A Berlin Ouest, une bande de terroristes d'extrême gauche se terre dans un appartement et se prépare à frapper un "grand coup"...

Si, en 1979, "Le mariage de Maria Braun" de Fassbinder est délibérément une oeuvre mélo relativement grand public - et deviendra peut-être son film le plus connu, en tous cas en France -, "La troisième génération" s'inscrit totalement dans la veine de ses films expérimentaux, post-Godard, du côté de "L'année des treize lunes".

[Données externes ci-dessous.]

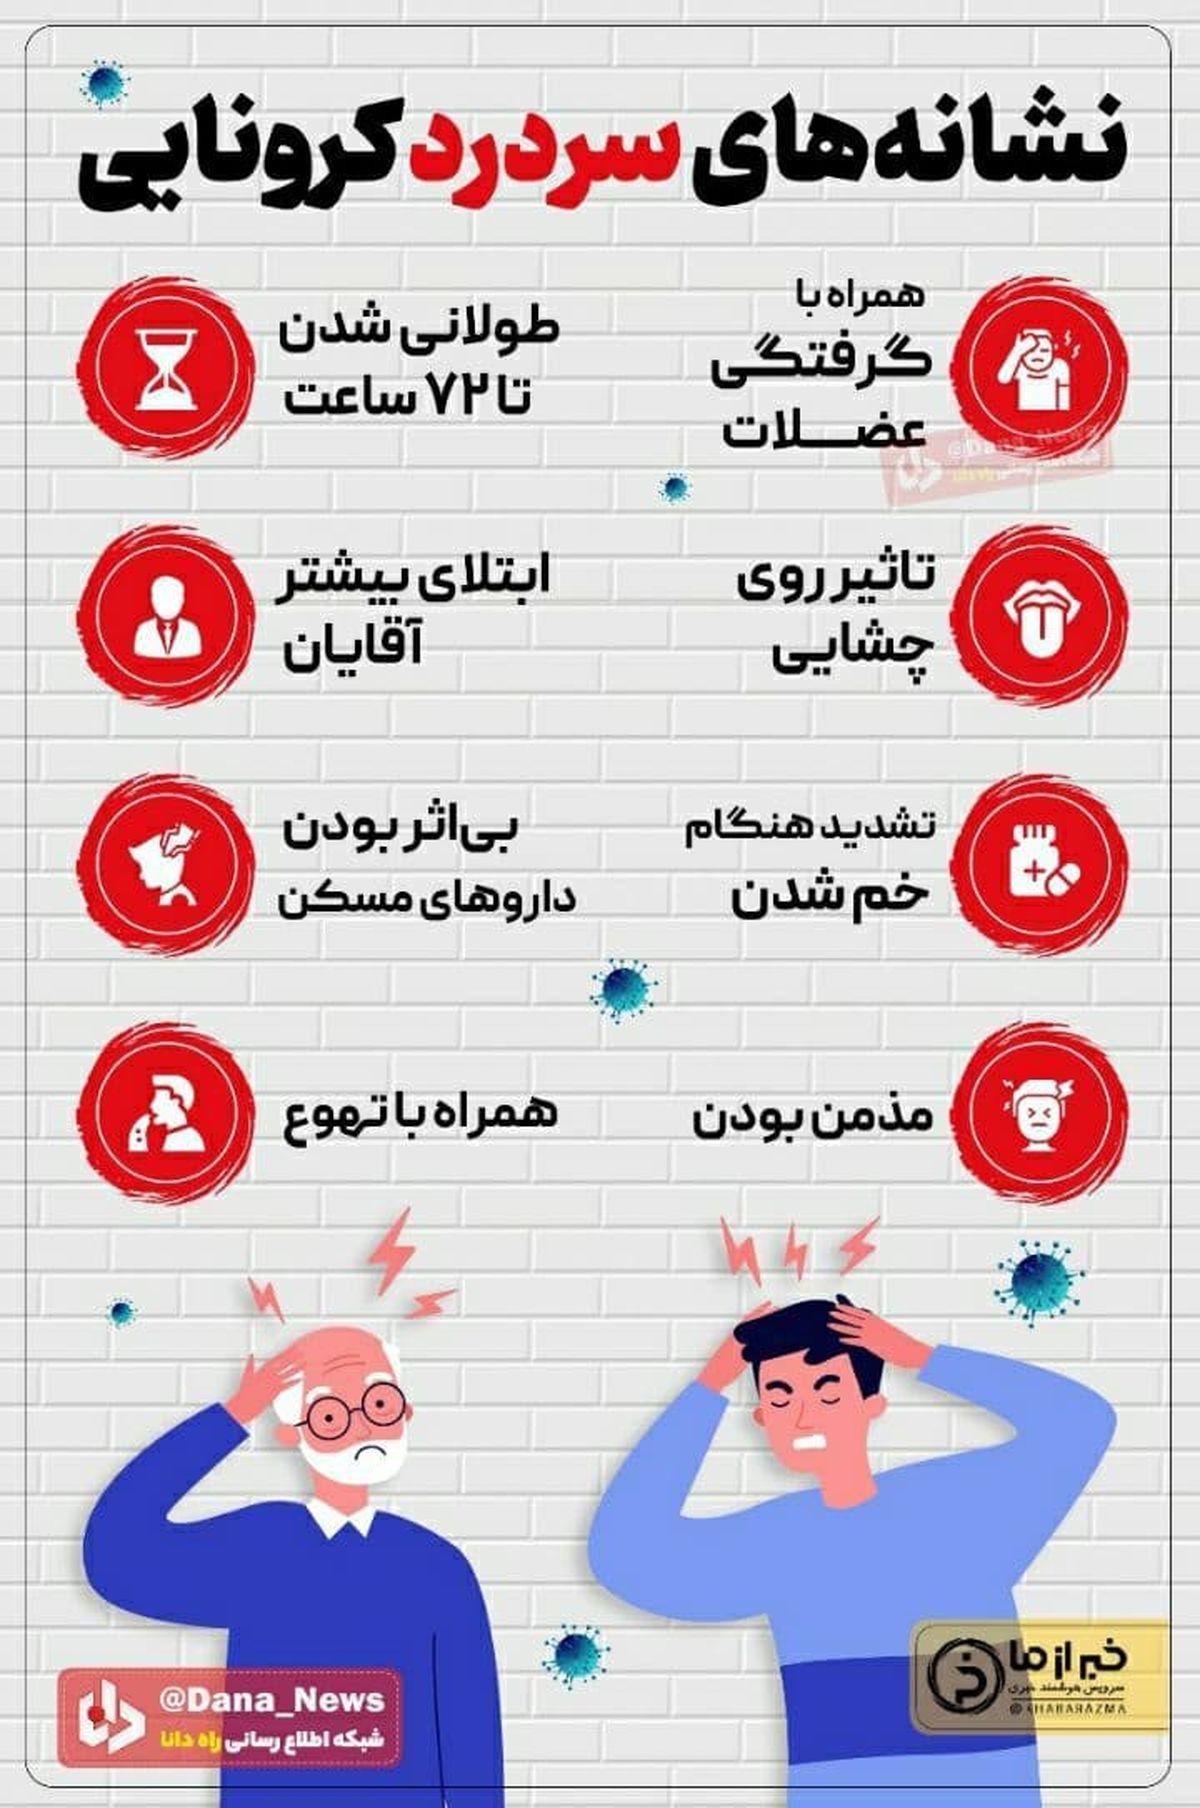 نشانههای سردرد کرونایی چیست؟

Avec "La troisième génération", Fassbinder se penche de façon très critique sur le terrorisme d'extrême gauche allemand, avec sa lucidité aiguisée et son bon sens qui en ont toujours fait un réalisateur "de gauche" à part dans le cinéma européen d'après-guerre : un cinéaste ayant toujours été très méfiant quant aux naïvetés idéologiques.
La révolte des enfants de la seconde guerre mondiale contre l'ordre établi par leurs parents est légitime. Mais les actions terroristes ne sont ici que des gesticulations gratuites et sans but, stimulées par l'ennui et le goût de l'action ; des "clowneries", littéralement, consistant, au mieux, à mordre la main qui les nourrit... et à justifier l'instauration d'un ordre encore plus réactionnaire sur l'Allemagne, les forces aux pouvoirs s'affranchissant de la légalité traditionnel au prétexte d'une situation exceptionnelle.

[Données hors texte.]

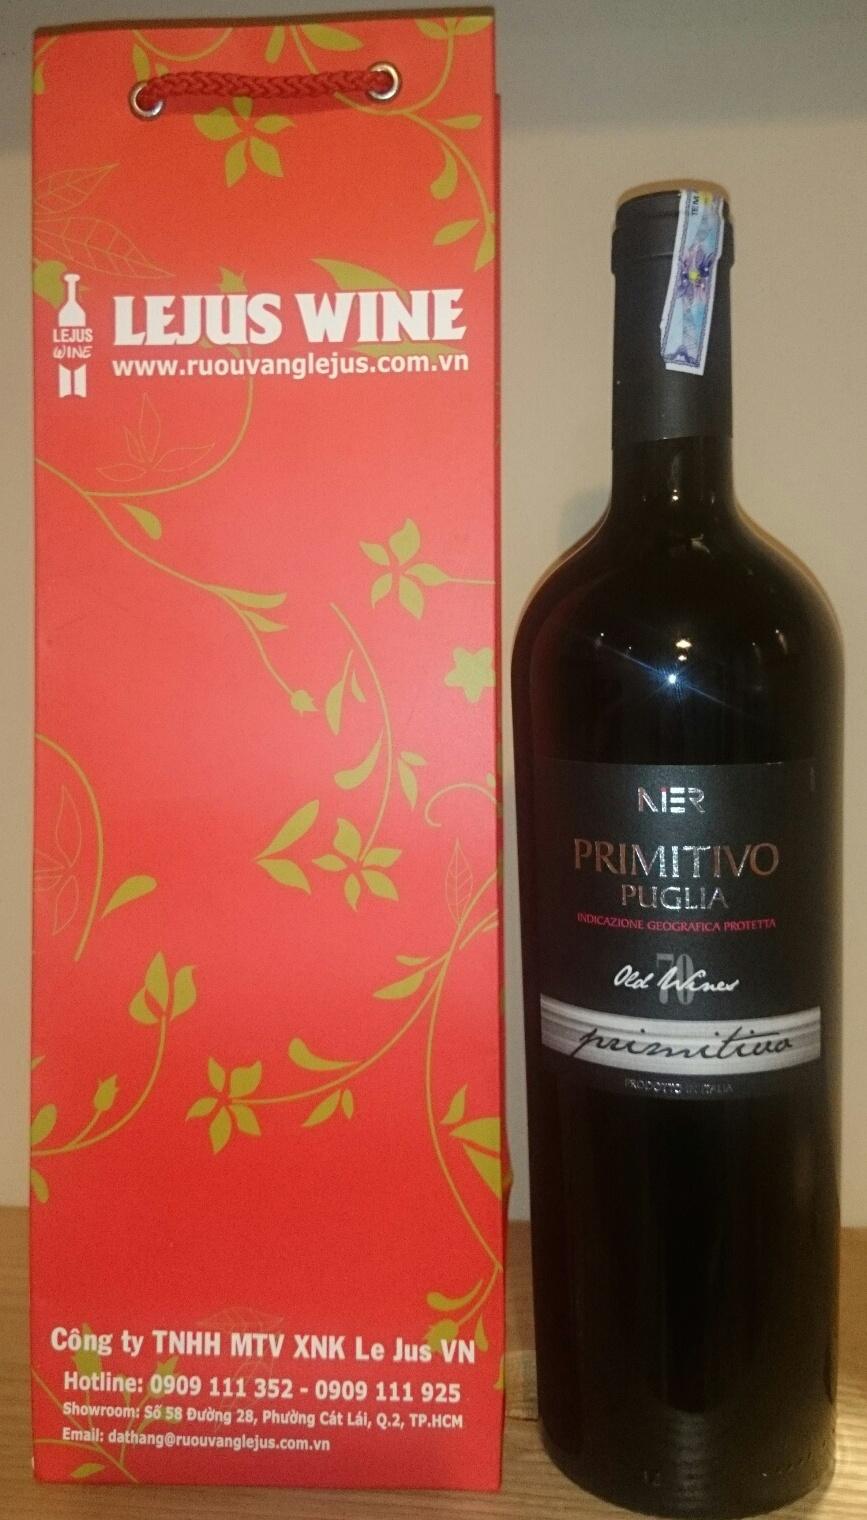 Primitivo 70 năm old vines - Rượu vang Ý nhập khẩu

Les acteurs traditionnels de Fassbinder sont présents (Harry Baer, Udo Kier, Margit Carstensen, Hanna Schygulla, Eddie Constantine, etc.) avec ici en plus la présence de Bulle Ogier. La forme est parfois difficile (bande-son faisant se chevaucher de multiples sons et dialogues en allemand), les références culturelles et politiques à l'allemagne des années 70 s'avèrent souvent opaques. Ce n'est pas un film touchant et direct comme peuvent l'être des oeuvres plus mélo de fassbinder. Mais on y retrouve intacte la virtuosité de la forme, la pertinence de la réflexion, et le radicalisme inconditionnel du cinéaste, ne faisant de cadeau à personne : la citation d'un chancelier de la RFA excusant l'emploi de méthodes anti-constitutionnels pour régler une affaire terroriste est mise au même niveau que des graffitis obscènes et racistes recueillies dans les toilettes de Berlin, citations grotesques à travers lesquelles Fassbinder dégagent l'état de la société allemande d'alors.
Vu sur ciné cinéma club où il passe en vostf dans une très belle copie 1.33 d'origine.